70% of insurance executives who participated in the Global Insurance Survey said they interact with customers through direct channels. 68% are investing in enhancements in channel capacity.
It is a wake-up call for insurers and their insurance partners. Agents and brokers realize the need to power up their digital engagement capabilities. While policyholders need their advice and expertise, they still require engagement tools for this conversation. Tools such as digital illustrations and single-screen product comparisons can increase success in sales conclusions. Agents are looking for more support from their insurers to develop these capabilities. Yet less than two-thirds of insurers say that they provide their agents and brokers with such enhanced customer experience tools.
Customers rarely go directly to an insurance intermediary. They normally use more than one channel to research before they purchase. This is called the ROPO effect or Research Online, Purchase offline. This applies to not only individual policyholders but also small and medium commercial firms. Today, the customer has got almost unlimited access to information. The Global Insurance Report has another fascinating insight - 64% of commercial firms will first research coverage options using digital channels.
The digital generation, to which we all belong, is having an impact on almost every type of distribution model. One of the most visible ways is in the way that insurtech providers, as well as insurance carriers themselves, are actively participating in collaborative ecosystems. For instance, in the last few months, SimpleSolve has entered into partnerships with Seibels BPO services and Intellagents. With Intellagents, AI and automation come together to provide our clients support across multiple channels and transition to high-performance digital insurance models.
Direct distribution channels, also known as self-directed channels are the way insurers sell products directly to customers without an intermediary. This puts the marketing team in direct control of the brand message and reaching the product to the target audience. While this is still an evolving route, it cannot be ignored. Websites, digital apps and social media are the most common direct distribution channels.
Embedded insurance is the hottest topic right now for US insurance companies when it comes to insurance distribution channels. It directly answers the CARE value promise of providing insurance anytime, anywhere and when most needed. Embedded insurance is when insurance is bundled into the purchase of a third-party product or service. Lengthy insurance forms and claims process that customers are wary of is made simpler through embedded insurance. Insurance is offered when the customer has already entered all their details in the purchase of an allied product or service (like when buying a flight ticket or buying a car). Providing an insurance cover in this scenario becomes just a single click away.
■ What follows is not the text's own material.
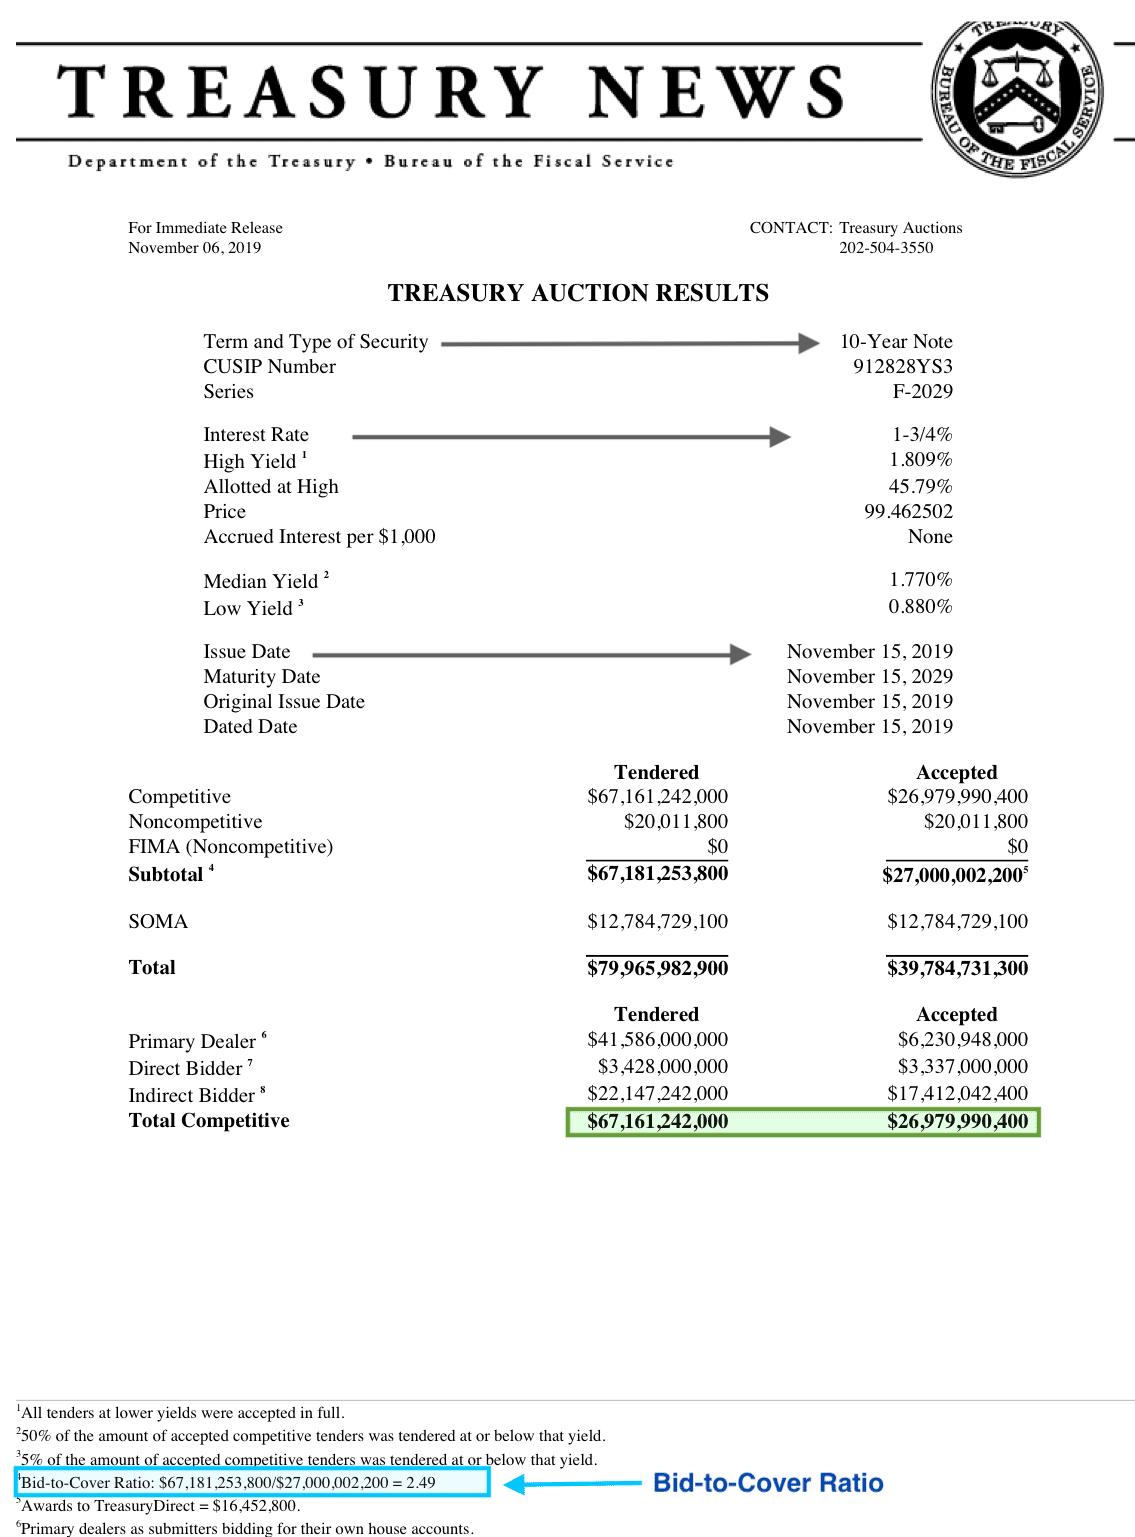 Treasury Auction Bid-to-Cover Example

The claims process is similarly made easier as there is existing data showing details of the purchase so no further proof is necessary. This creates a simplified, closed-loop insurance process - CARE in action.
Insurers who sell through embedded insurance platforms will be able to control the products they offer in real-time and this in turn will help them to decide on the exposure level they need for different products. Embedded insurance will provide insurers with ways to innovate in a market that is constantly growing.
Insurers are understanding the need to pivot and invest in customer-centric strategies in the near future. The good news is that thanks to insurtech service providers they can more easily integrate the latest insurance distribution trends. The key areas of focus are expected to be in developing chatbots to resolve queries whatever the scale, automated data capture tools to fuel personalization, marketing automation tools for personalized promotions, and finally 360 degree customer view CRM tools.